Common investment vehicles that fit into this broad category include hedge funds, private equity funds, venture capital funds and real estate funds.

To be clear, there may be reasons why individuals who fit the above description are not considered “private fund advisers” or are otherwise exempt from registration requirements. However, individuals who manage investment pools should not blindly assume that registration is not required simply because other, similar entities operate without a license.

The registration requirement and the corresponding grace period for compliance

With its order, the Alabama Securities Commission makes clear that persons/entities in Alabama who receive compensation for advising private funds on the funds’ securities investments must comply with Alabama’s investment adviser registration requirements.

But instead of simply confirming the registration requirement, the regulator has introduced a grace period to allow private fund managers to comply with the rules. without fear of sanctions for not registering. Given the history of private fund regulation and the confusion we often see among asset managers across the country, this compliance window is a very smart and effective measure. Of course, there is a time limit to this grace period – 5 November 2024.

If you fail to register by the deadline or comply with the exemption requirements, the Alabama Securities Commission can impose penalties for the entire period of the violation. That is, if you were required to register as an investment adviser for a private fund starting in 2020 and fail to comply by November 5.thAlabama could impose penalties for registration violations starting in 2020 – not only those after 5 Novemberth.

To take into account the time required to conduct legal analyses, prepare the necessary documentation and undergo regulatory review, we recommend that persons who may need to take advantage of this grace period act promptly.

The exemption for private fund advisors

In confirming that registration requirements must be followed by private fund advisers in Alabama, the order also establishes a new exception to the registration requirement for investment advisers. The Alabama exception bears close similarities to the exceptions available under the federal Investment Advisers Act of 1940 as well as the laws of numerous states, where these exceptions are generally referred to as “excepted reporting adviser” exceptions.

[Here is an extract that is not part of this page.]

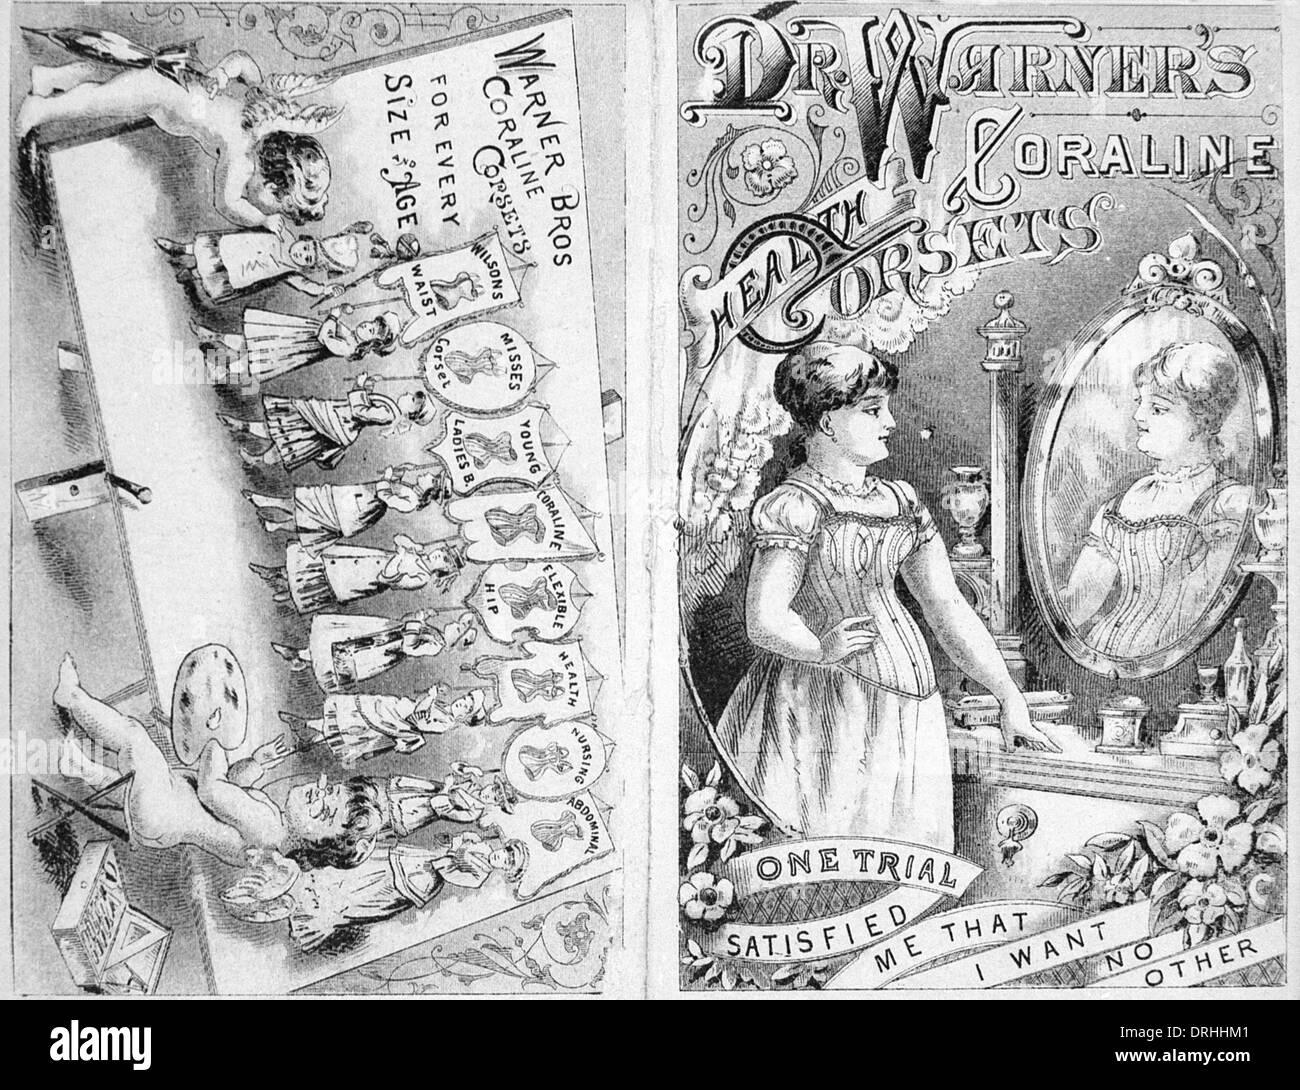 Dr Warners Coraline health corsets - Stock Image

Generally, Alabama’s private fund adviser exemption applies to any investment adviser that manages a fund that either (1) has 100 or fewer beneficial owners who meet the “qualified client” standard or (2) is owned only by persons who meet the “qualified purchaser” standard.(2).

While the requirements are less stringent than those for registered investment advisers, those who rely on the exemption are still subject to various obligations, including filing a report with the Alabama Securities Commission, preparing specific disclosures, preparing and filing financial reports with investors and the Alabama Securities Commission, and responding to requests for information and records from the agency.

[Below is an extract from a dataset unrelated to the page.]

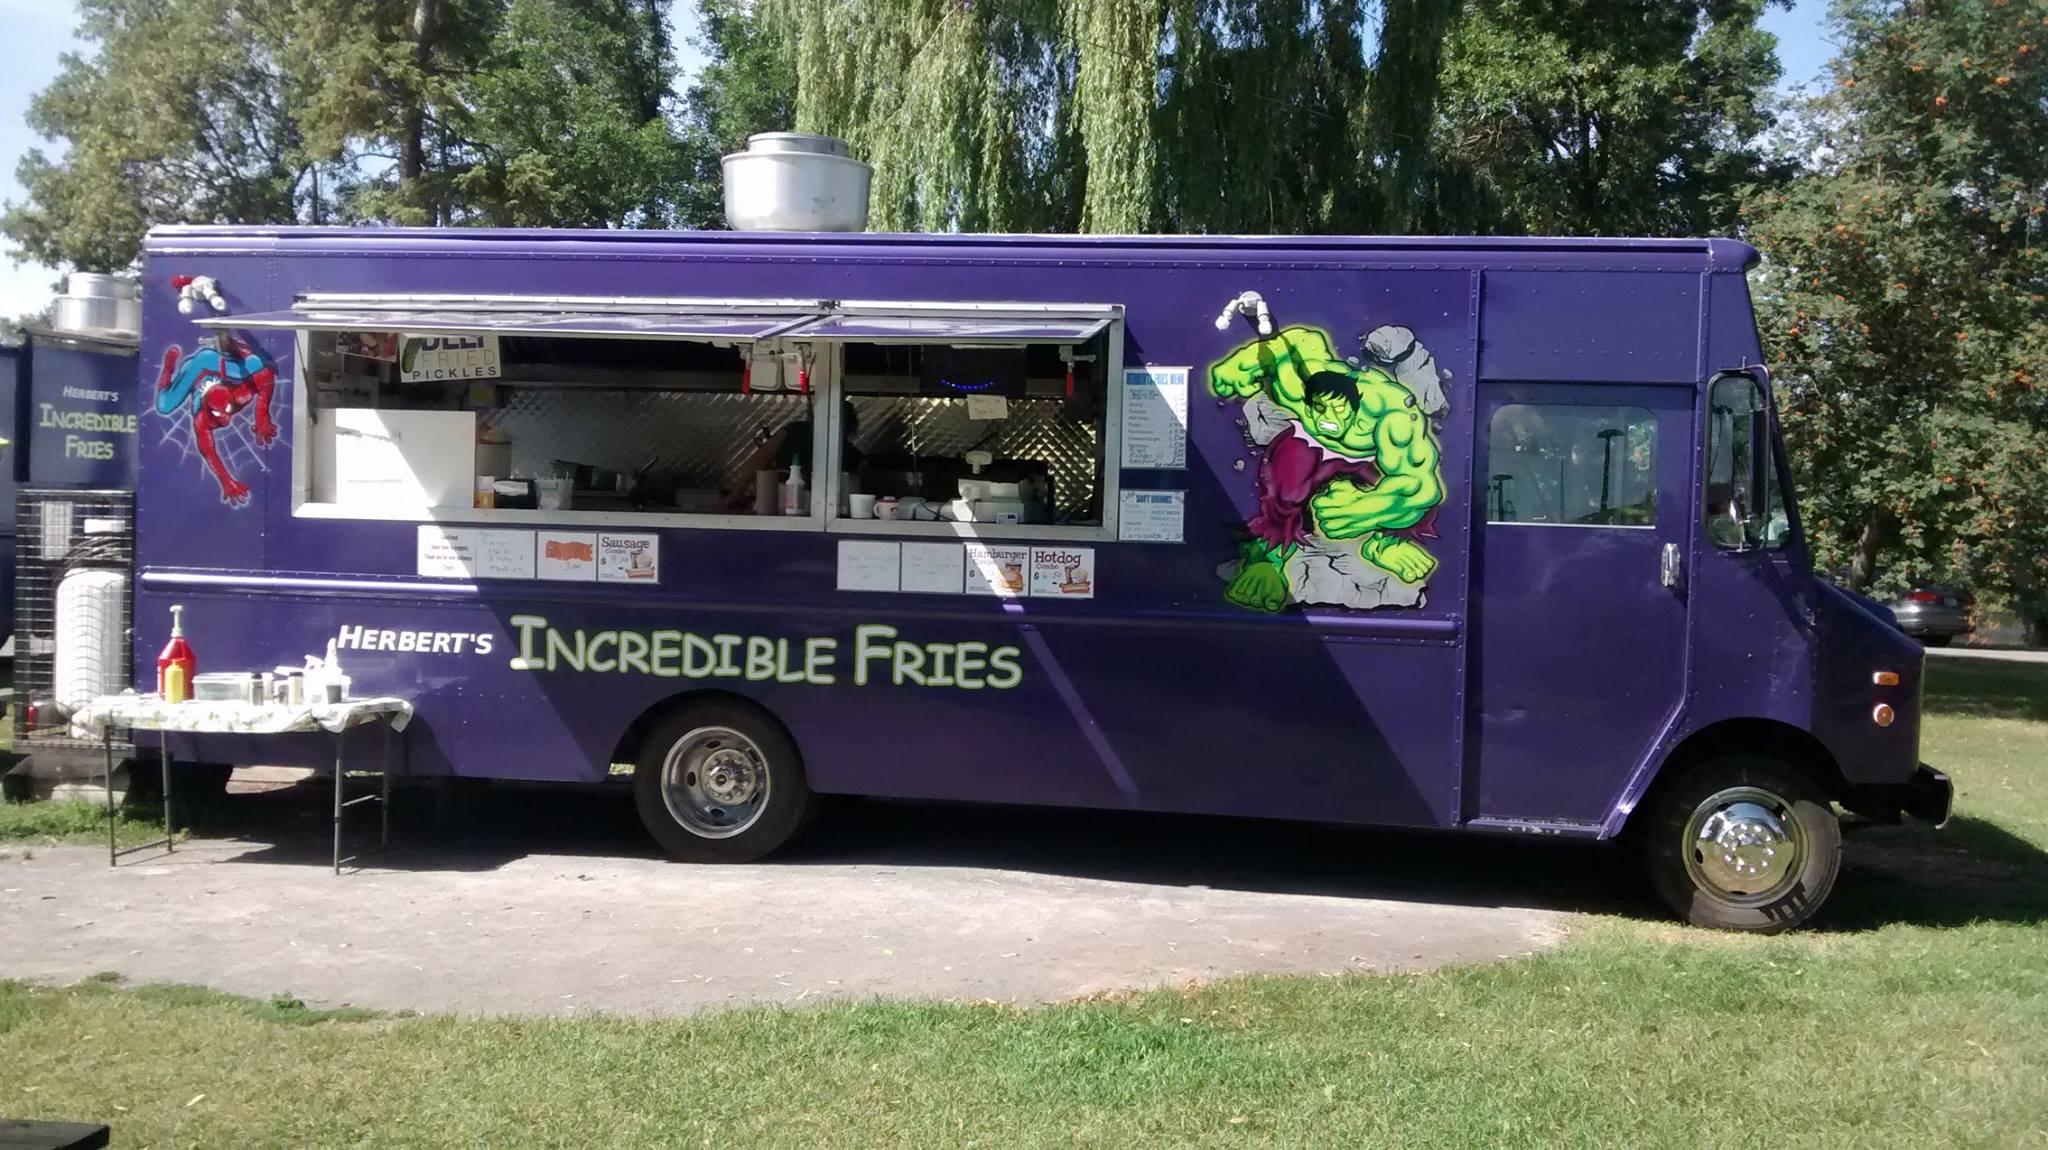 A purple food truck for Herbert's Incredible Fries.

In practice, the exemption approach will reduce the burden on smaller asset managers in accessing sophisticated investors, who often require the fund manager to be registered or an “exempt reporting adviser”.

Diploma

The Alabama Securities Commission’s approach is commendable. The agency recognized that it needed to reaffirm its position on the registration requirement, but also recognized that previous regulatory approaches as well as complex legal analysis may have compromised compliance, and is therefore giving Alabama residents the opportunity to bring their funds into compliance. To reduce the regulatory burden, Alabama ultimately implemented an exemption from all regulatory requirements. We expect that as a result of these actions, Alabama investors will benefit from increased transparency and investment managers will have additional options.


(1) This definition is consistent with the definition of the term “investment adviser” in other jurisdictions, including the Investment Advisers Act of 1940.

(2) The “qualified client” standard is set by federal law and requires a minimum net worth that is different from and in many ways higher than that of an “accredited investor.” The “qualified purchaser” standard is also set by federal law but includes higher investment portfolio thresholds.